### Working data
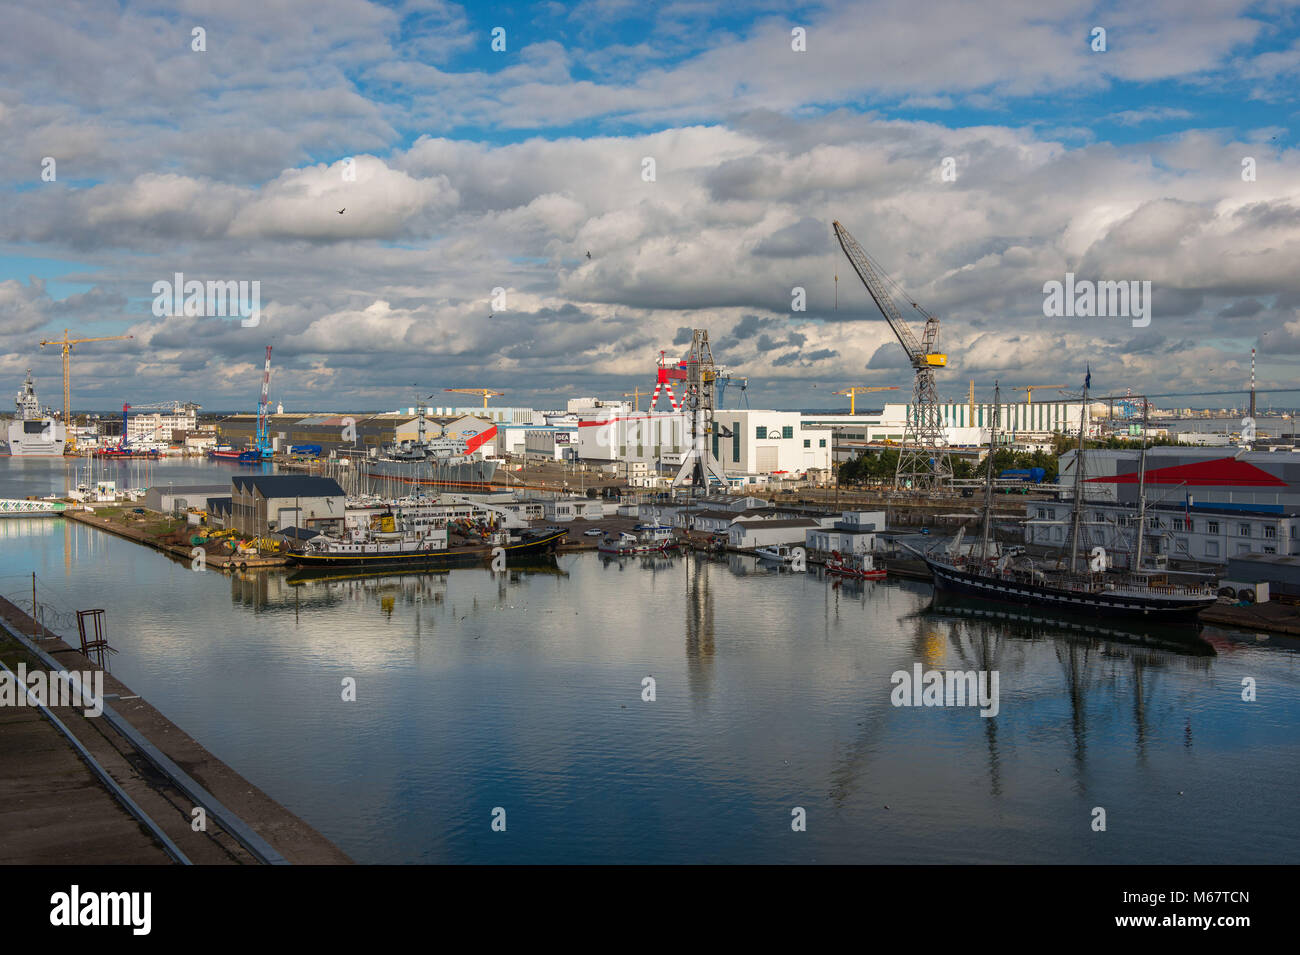 Saint Nazaire, shipyard, France. Stock Photo
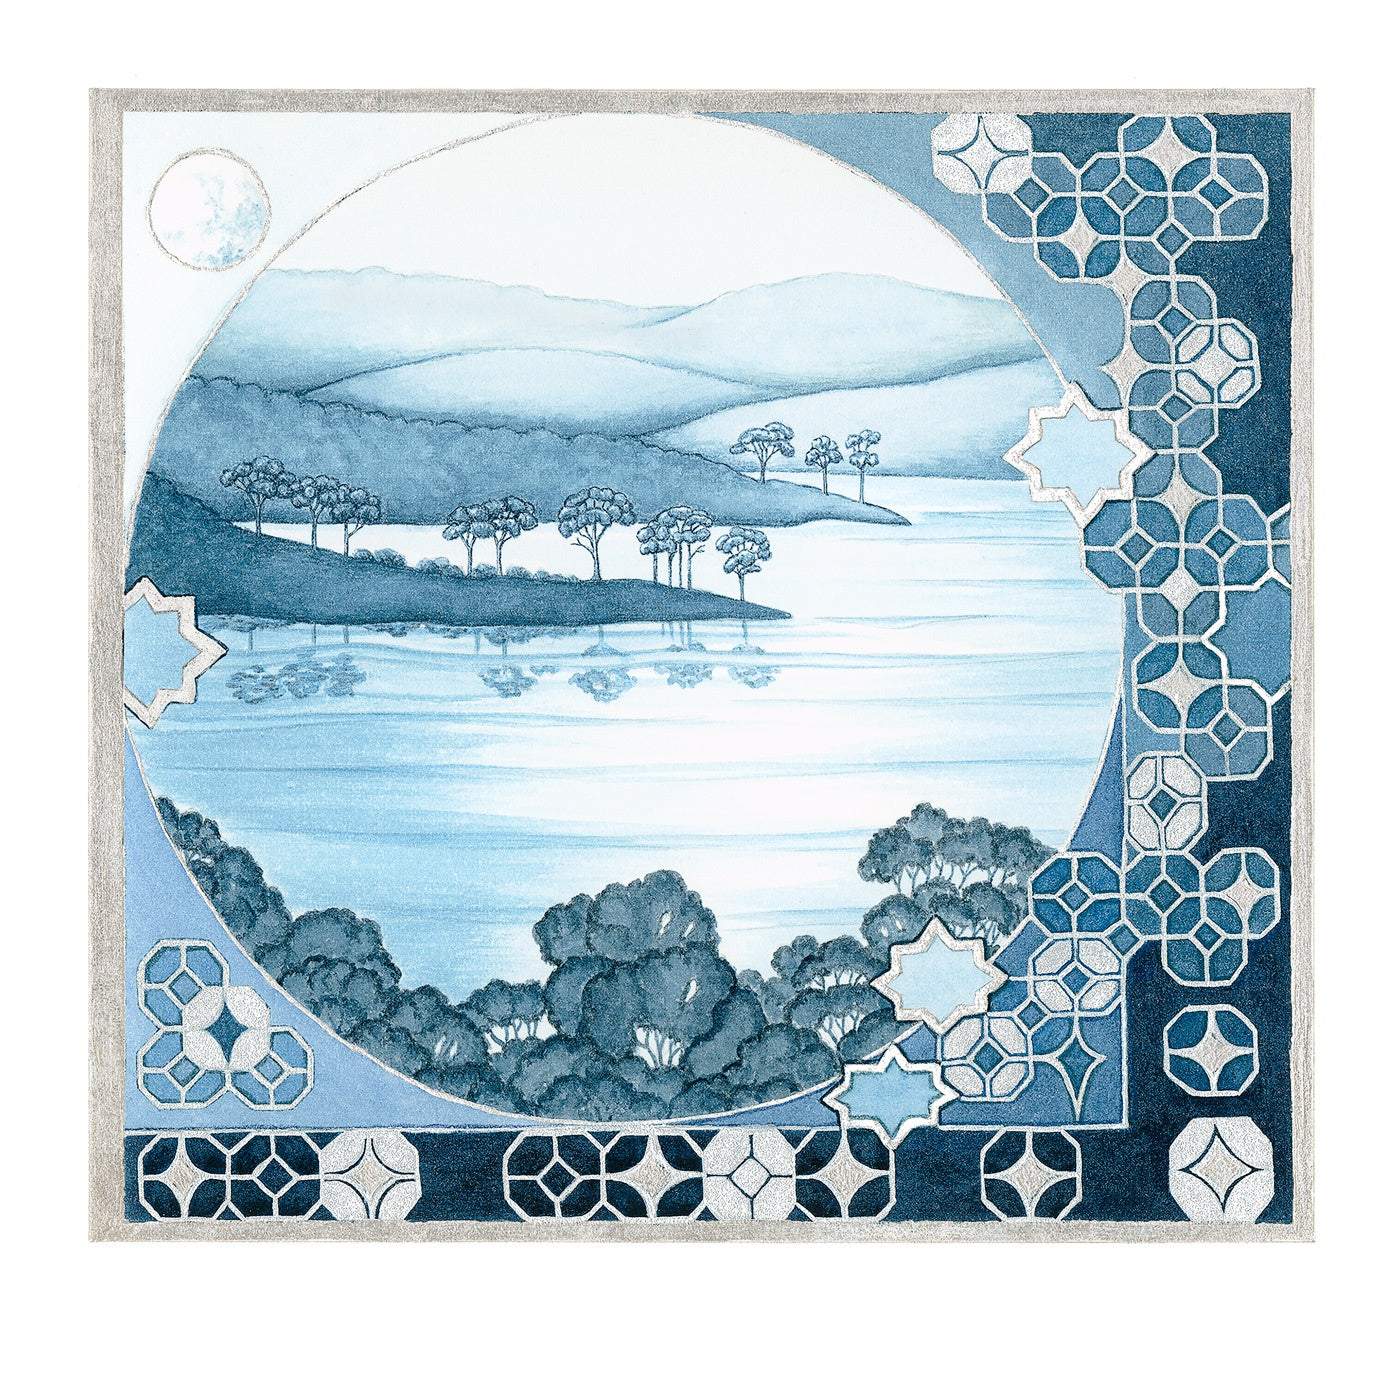 Sylvie Gerozisis - Landscapes of Tasmania - Art Print - Moonlight on Umbrella Point Bruny Island, Tasmania
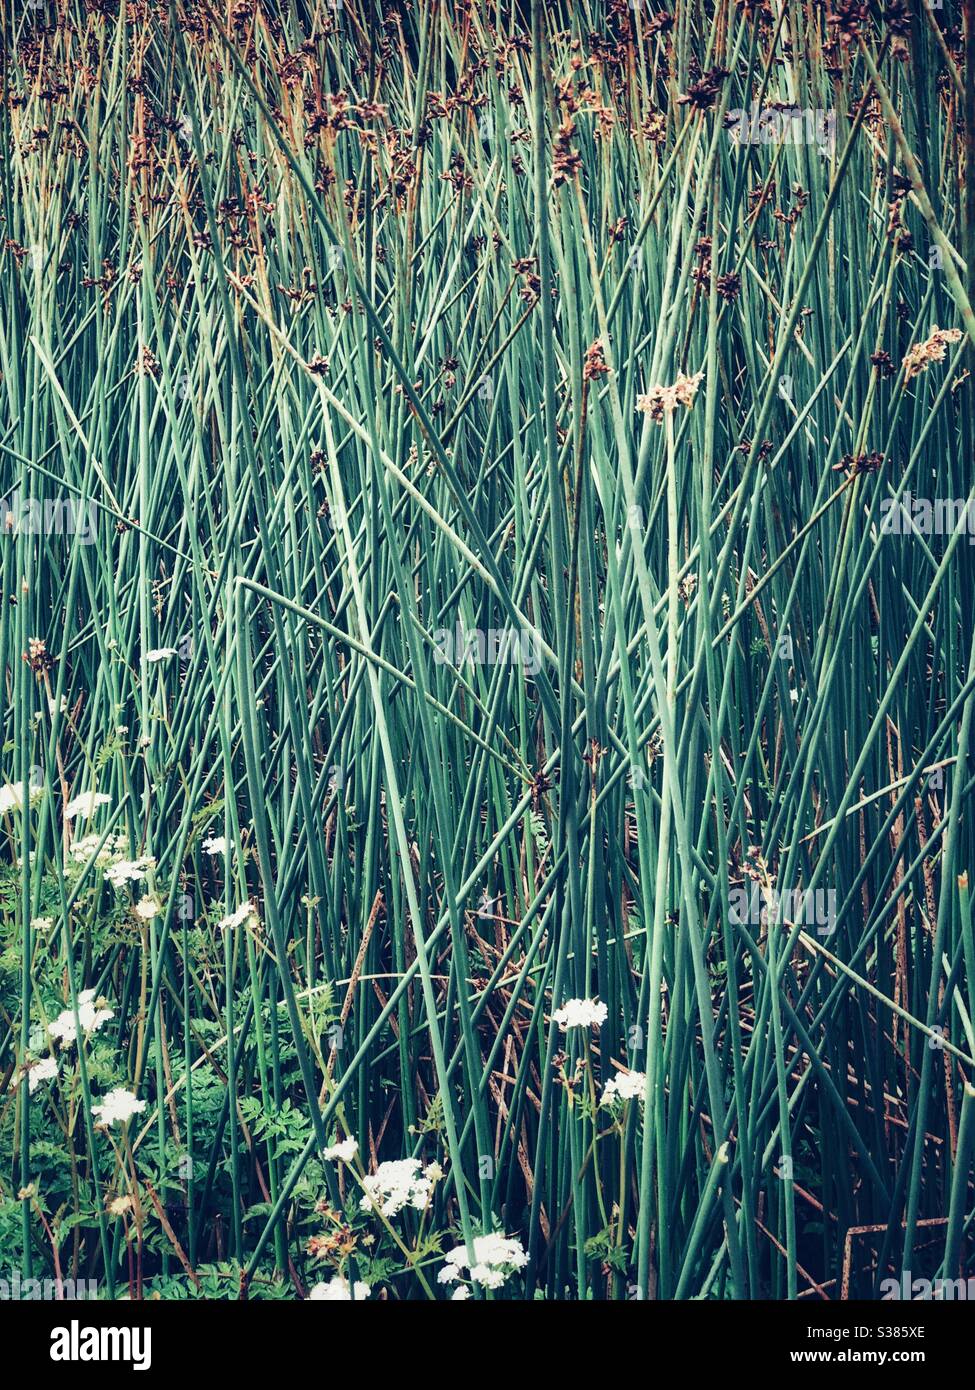 Lost in green tall grass field Stock Photo
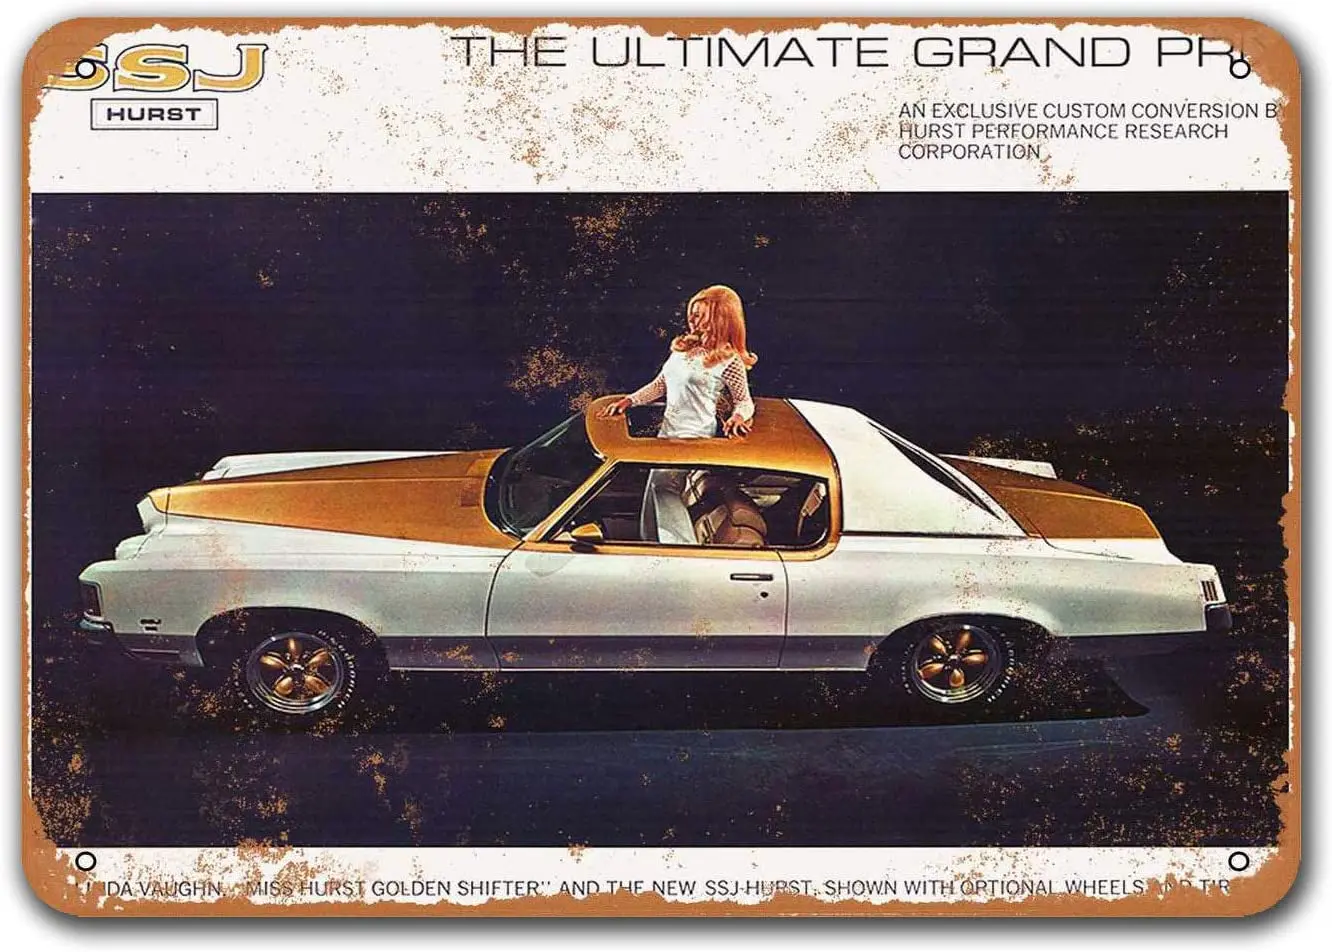 

1971 Pontiac Grand Prix Car Tin Signs Vintage, Sisoso Metal Plaques Poster Bar Pub Retro Wall Decor 12x8 inch
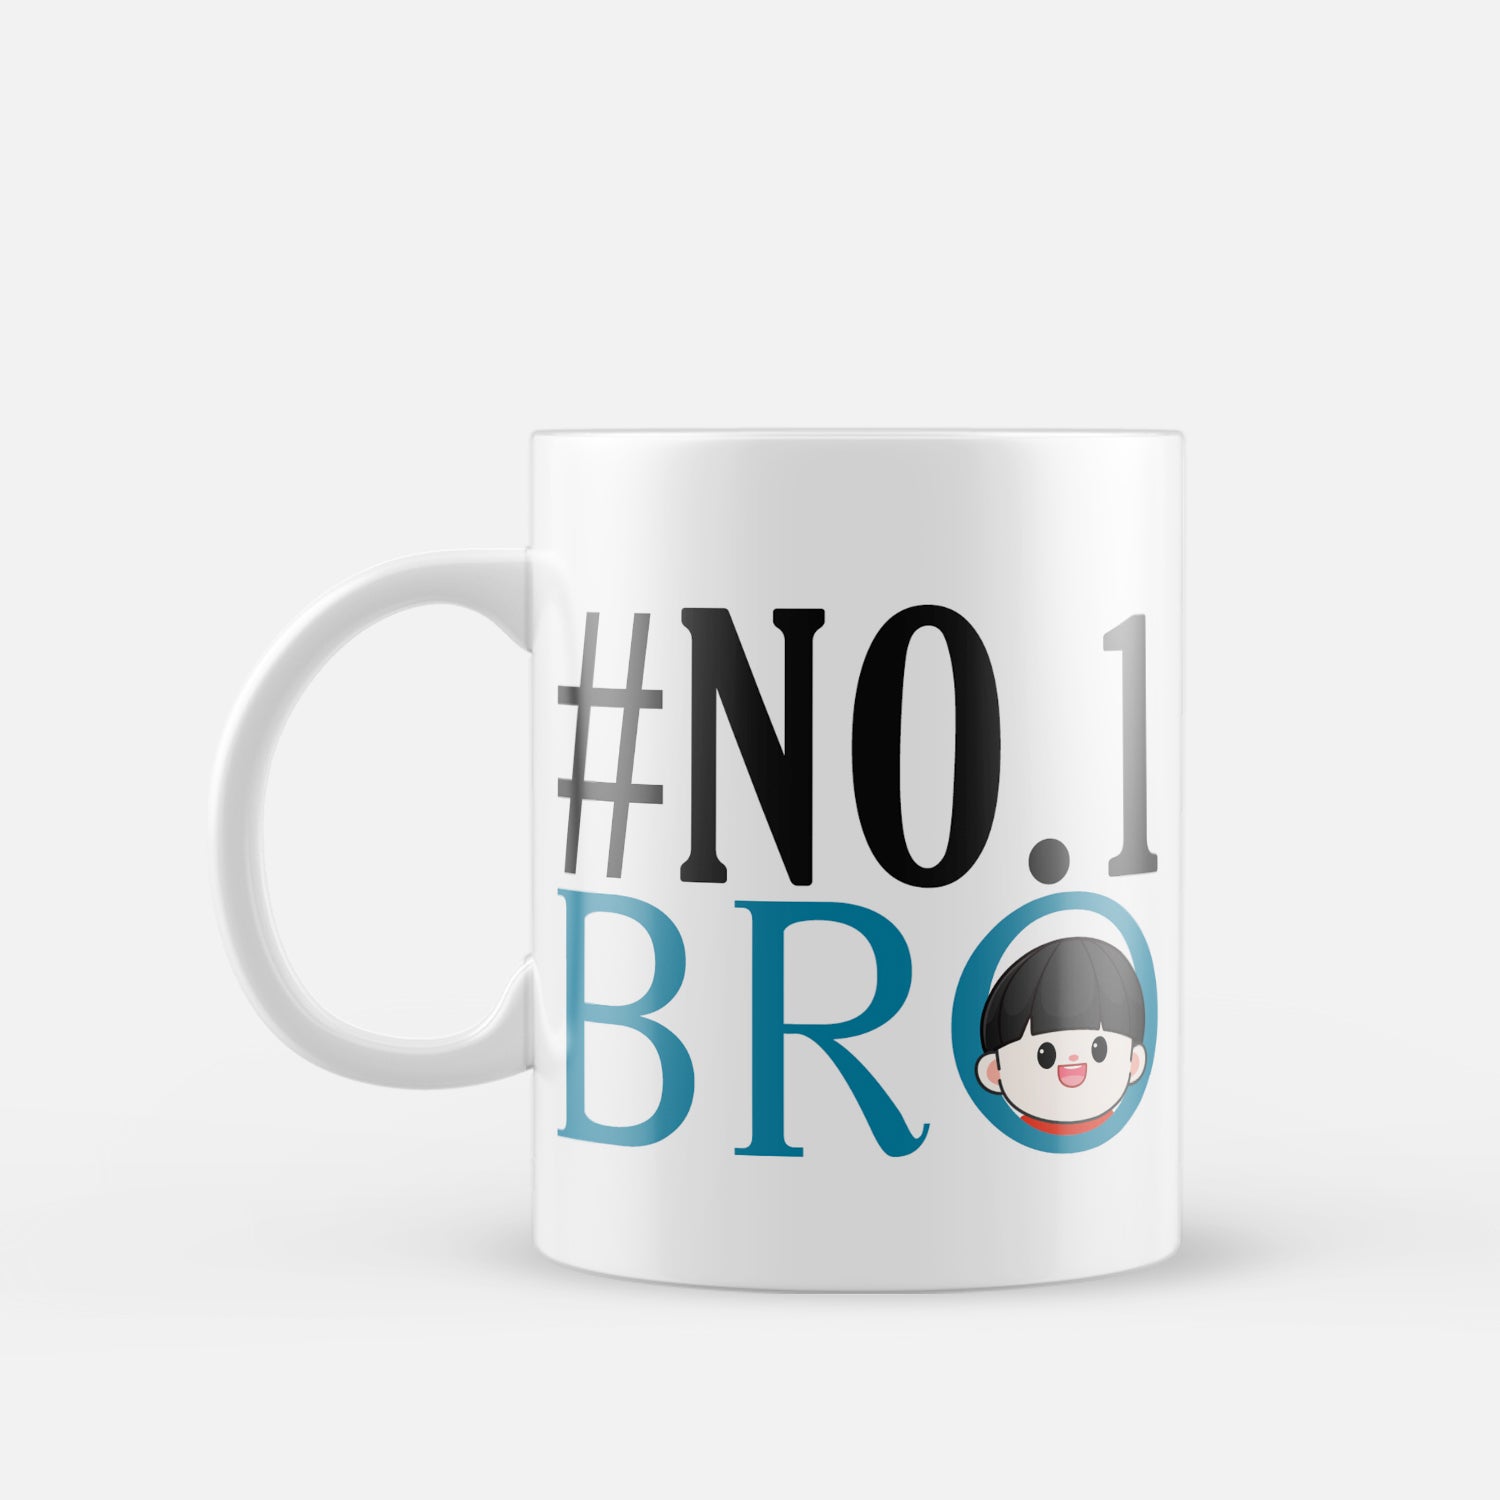 "NO 1 Bro" Brother Ceramic Coffee/Tea Mug 2
######
■ **Goal of the exercise**:
Transcribe the listing exactly. Its images are to be omitted.

■ **Exercise output**:
 Saint Nazaire, shipyard, France. Stock Photo
 Sylvie Gerozisis - Landscapes of Tasmania - Art Print - Moonlight on Umbrella Point Bruny Island, Tasmania
 Lost in green tall grass field Stock Photo

1971 Pontiac Grand Prix Car Tin Signs Vintage, Sisoso Metal Plaques Poster Bar Pub Retro Wall Decor 12x8 inch
 "NO 1 Bro" Brother Ceramic Coffee/Tea Mug 2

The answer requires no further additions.